* WHAT TO DO:
What you return should match the data below exactly, with no pictures in it.

* SUPPLIED INFORMATION:
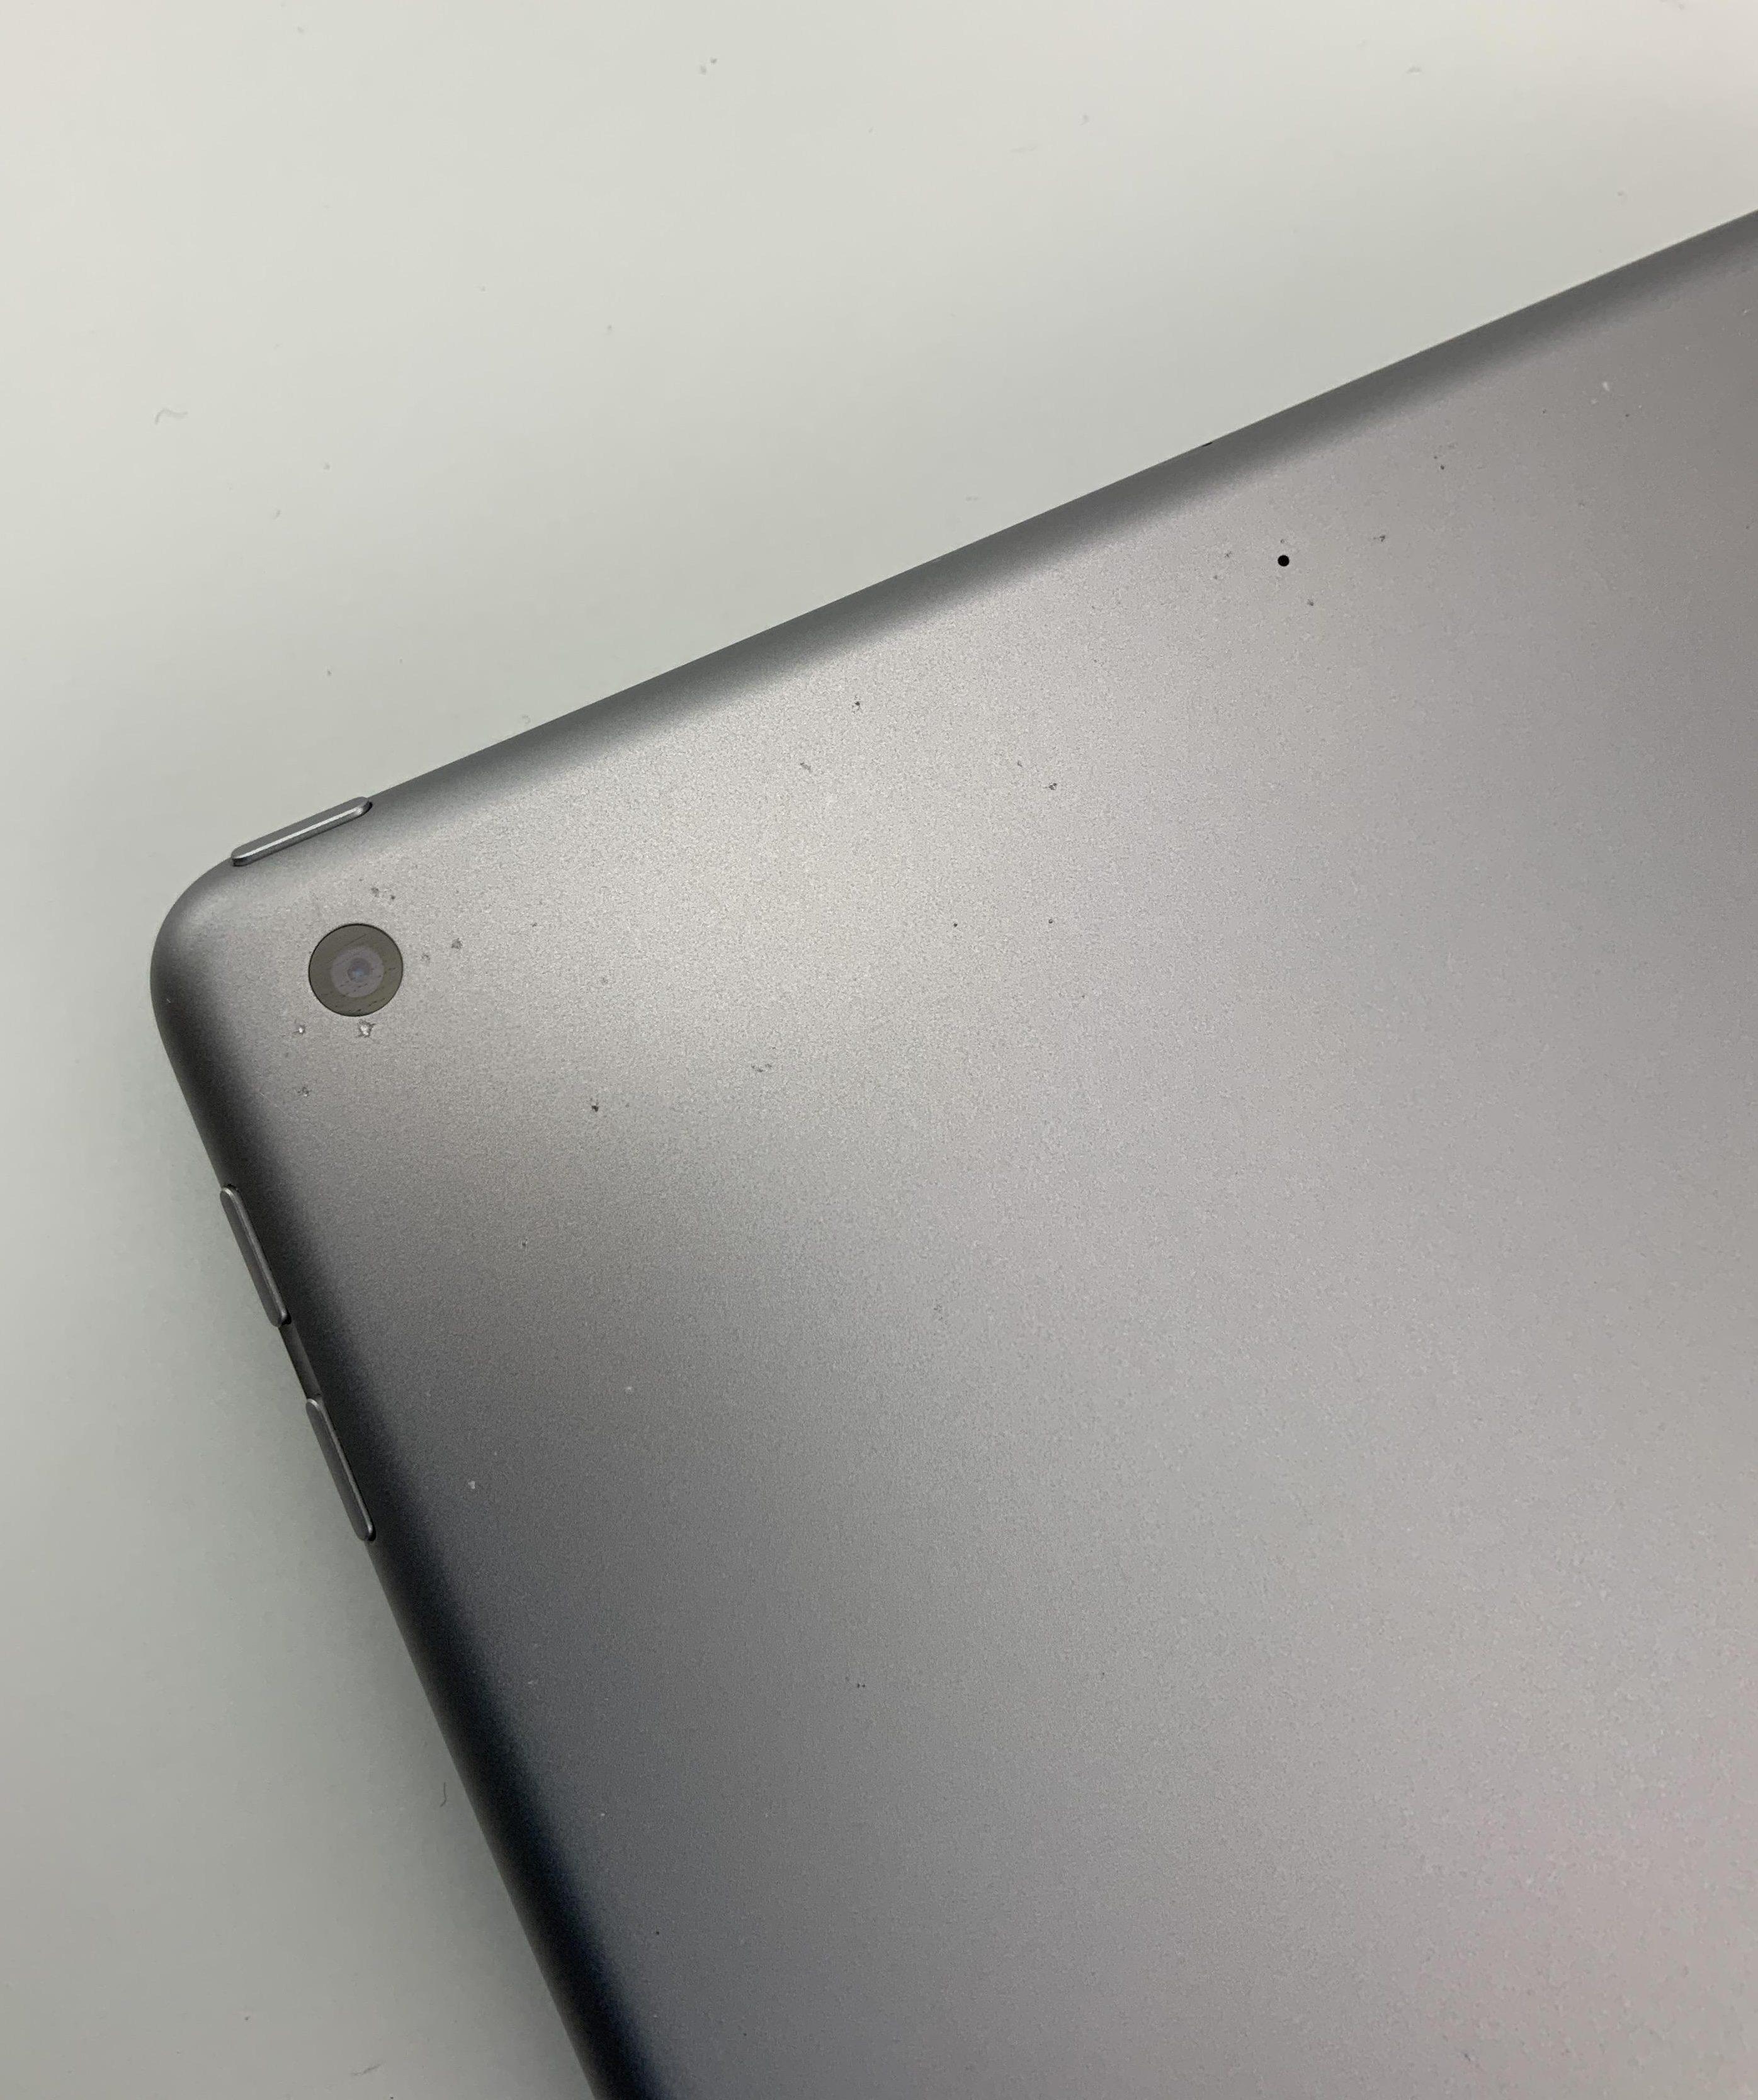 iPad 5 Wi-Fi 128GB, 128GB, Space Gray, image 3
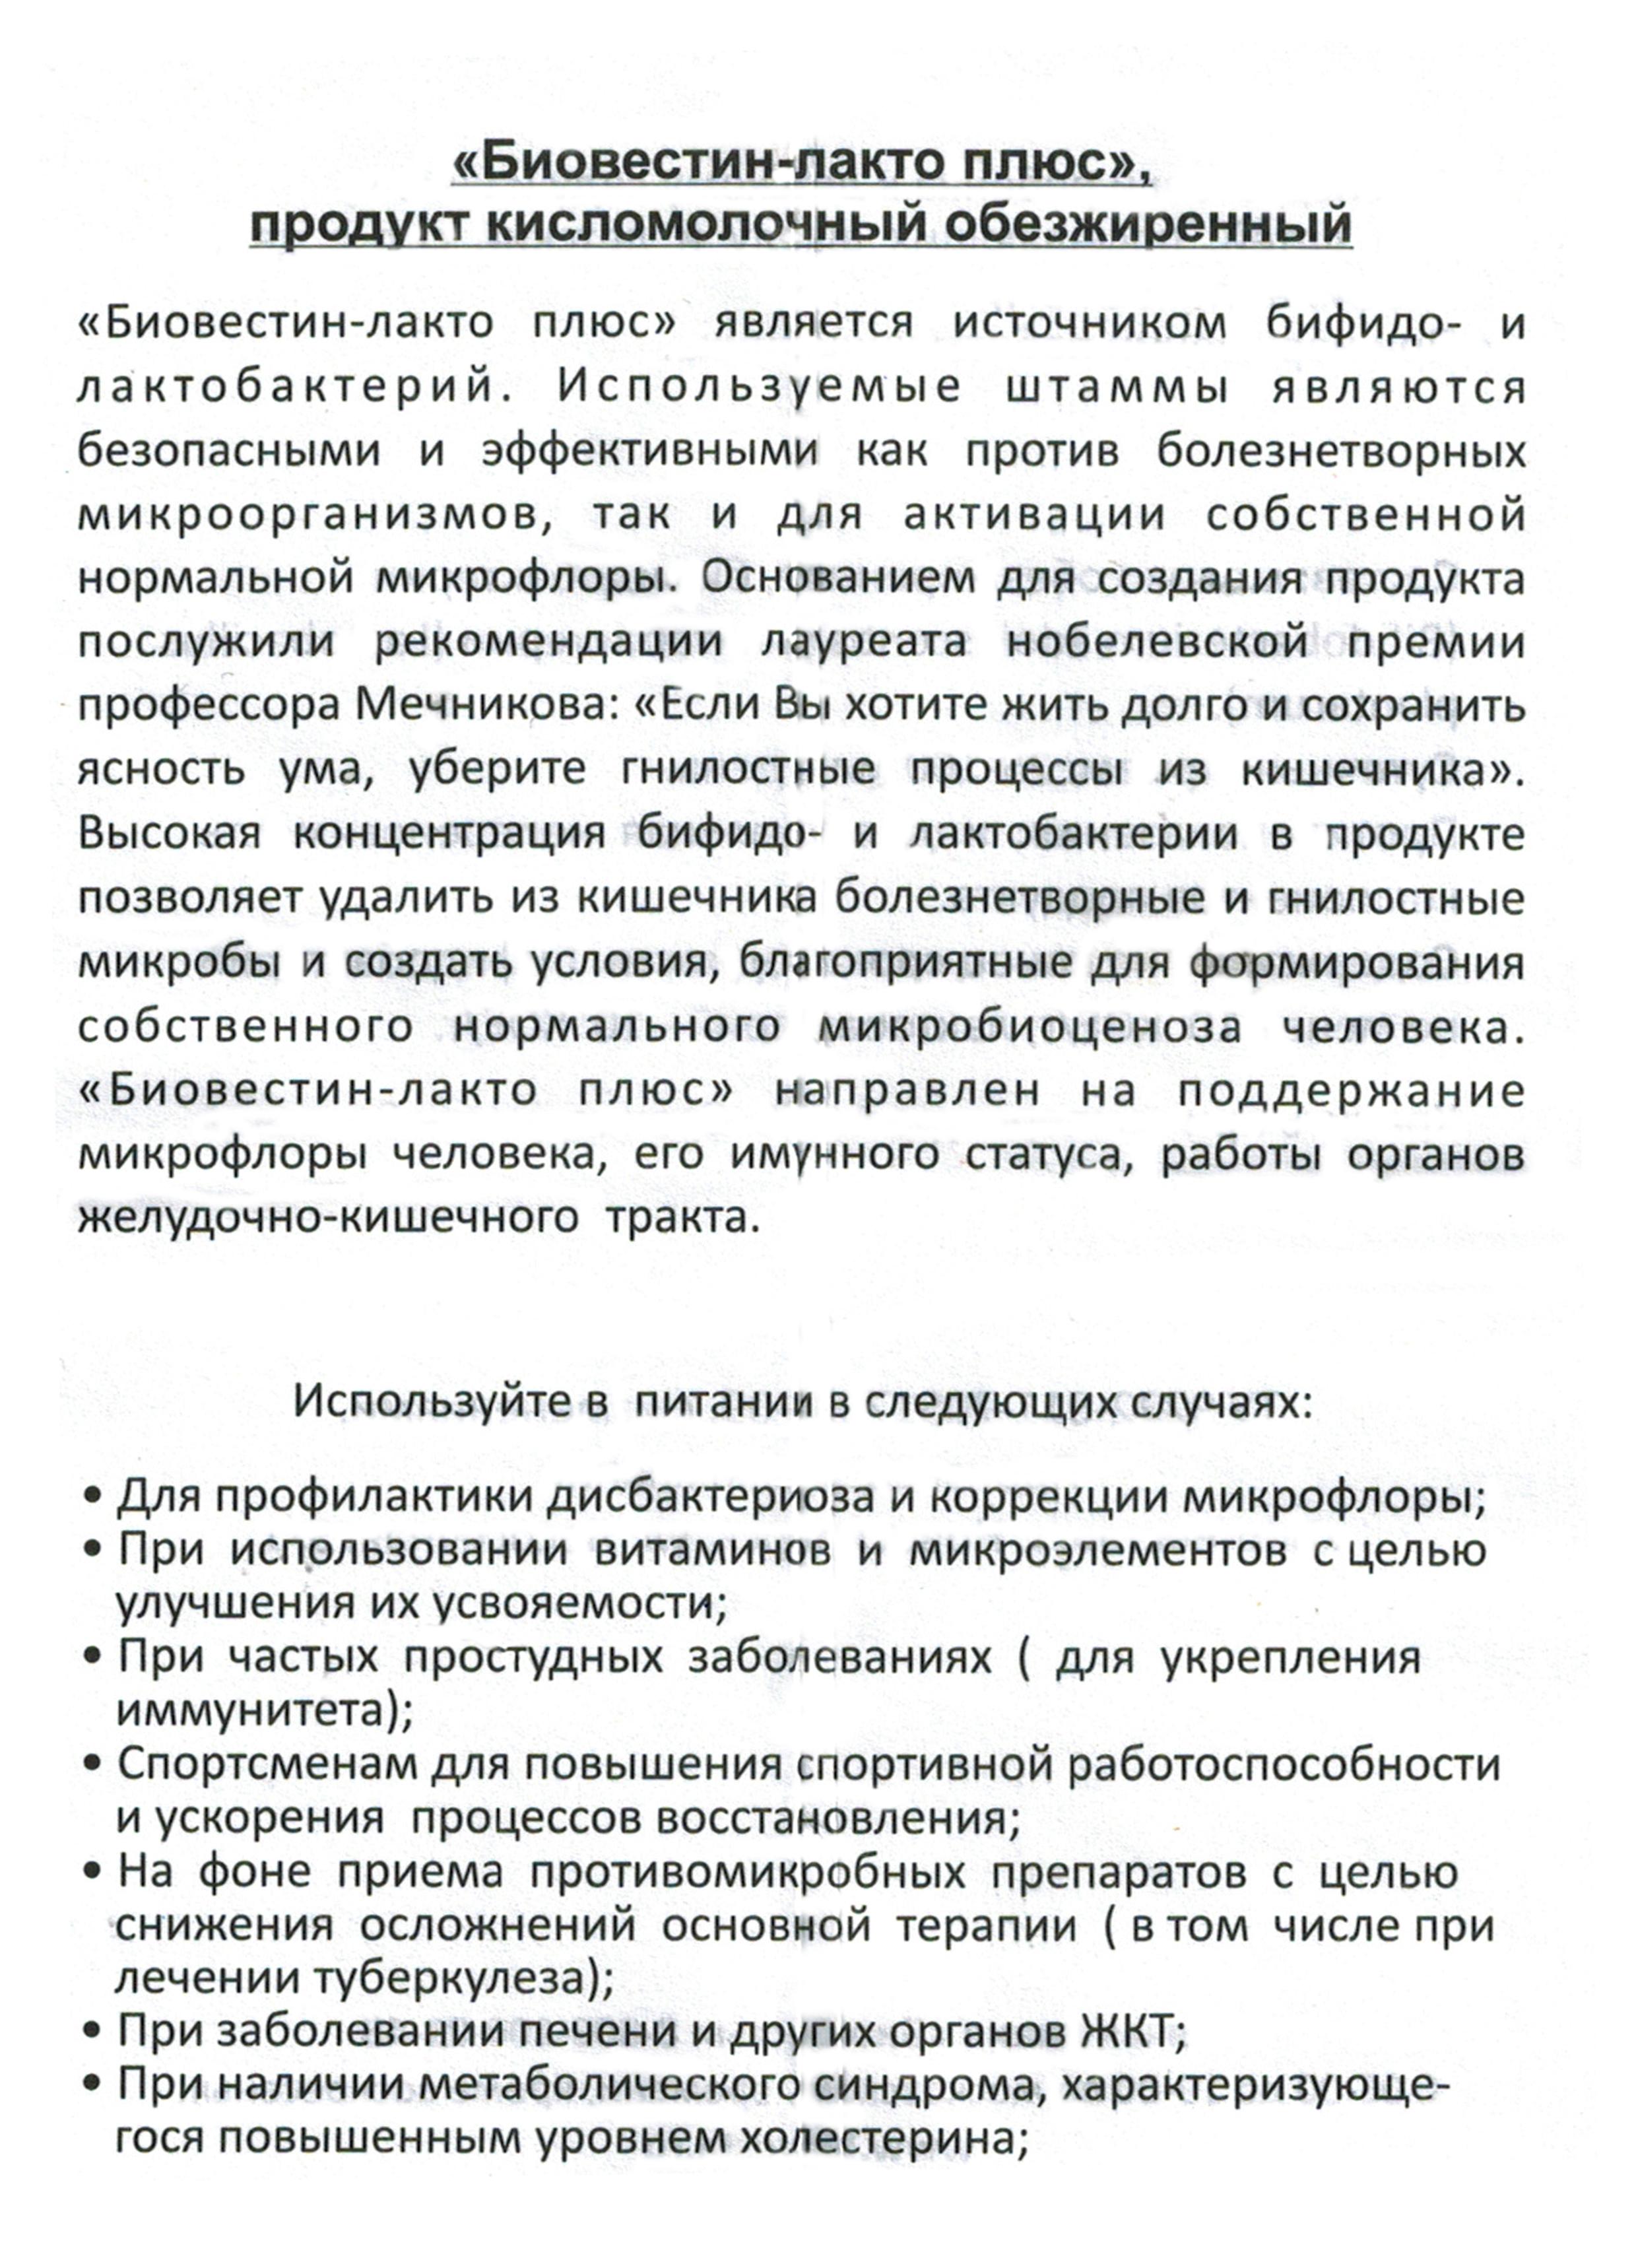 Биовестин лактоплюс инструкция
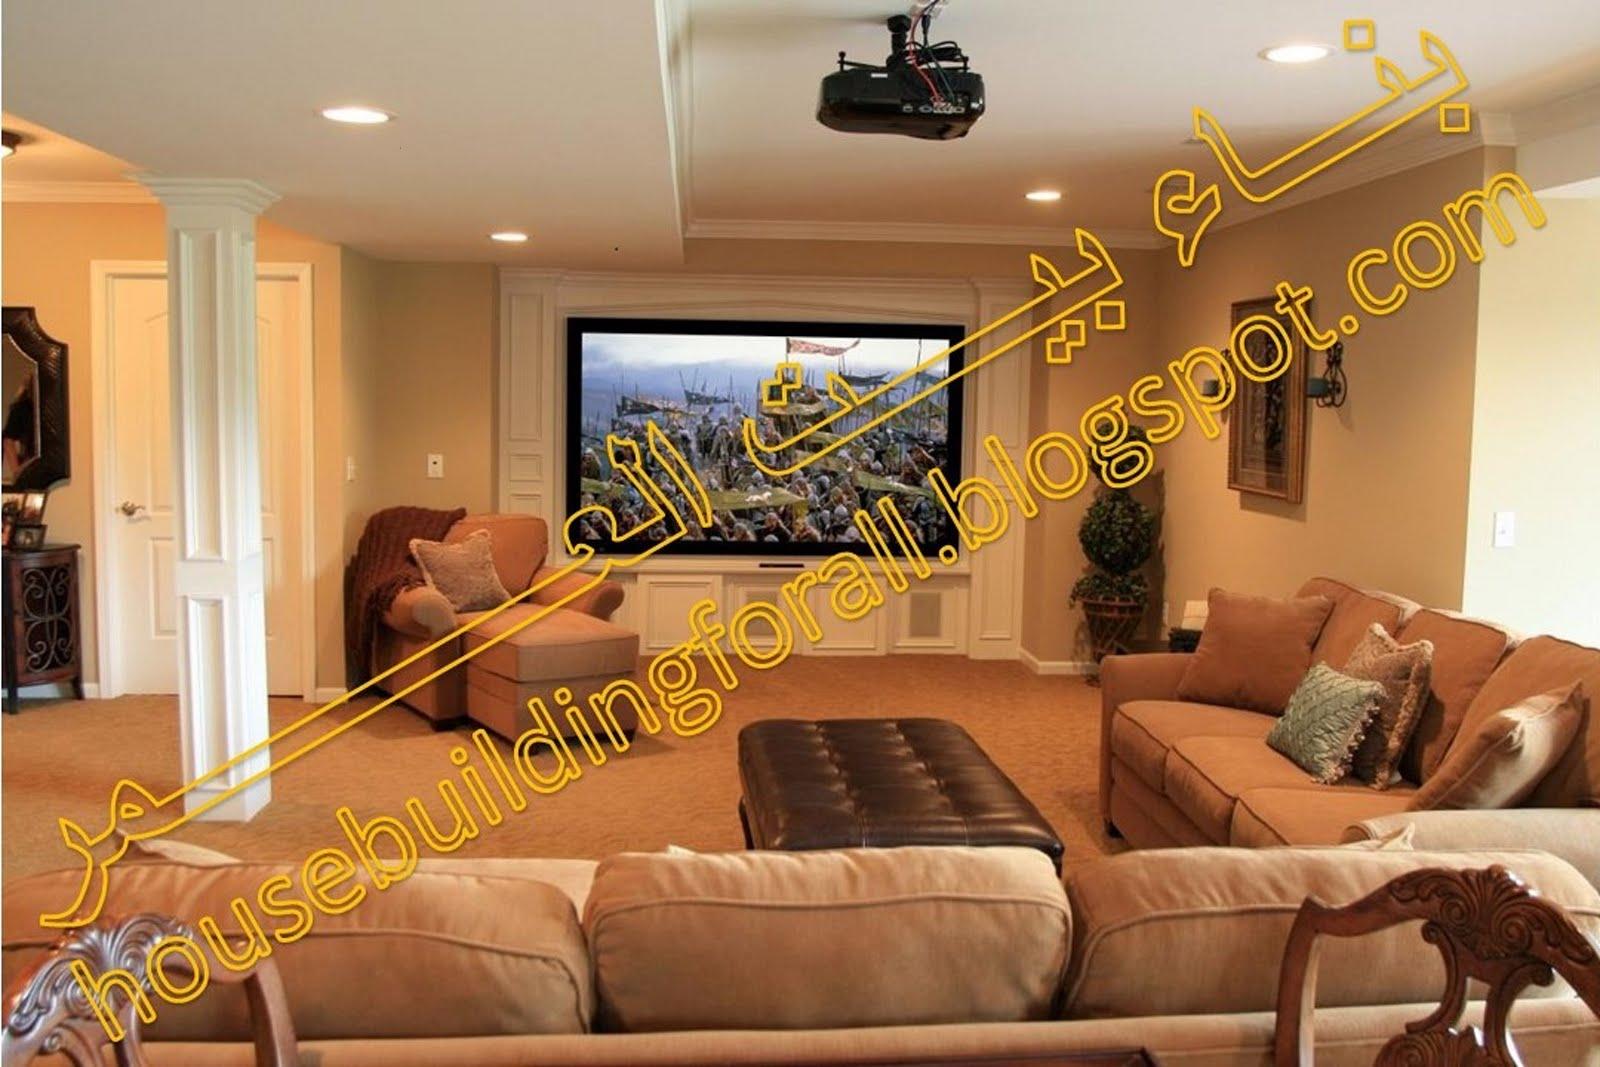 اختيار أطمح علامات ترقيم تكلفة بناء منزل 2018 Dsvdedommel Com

* SOLUTION TO THE EXERCISE:
 iPad 5 Wi-Fi 128GB, 128GB, Space Gray, image 3
 Биовестин лактоплюс инструкция
 اختيار أطمح علامات ترقيم تكلفة بناء منزل 2018 Dsvdedommel Com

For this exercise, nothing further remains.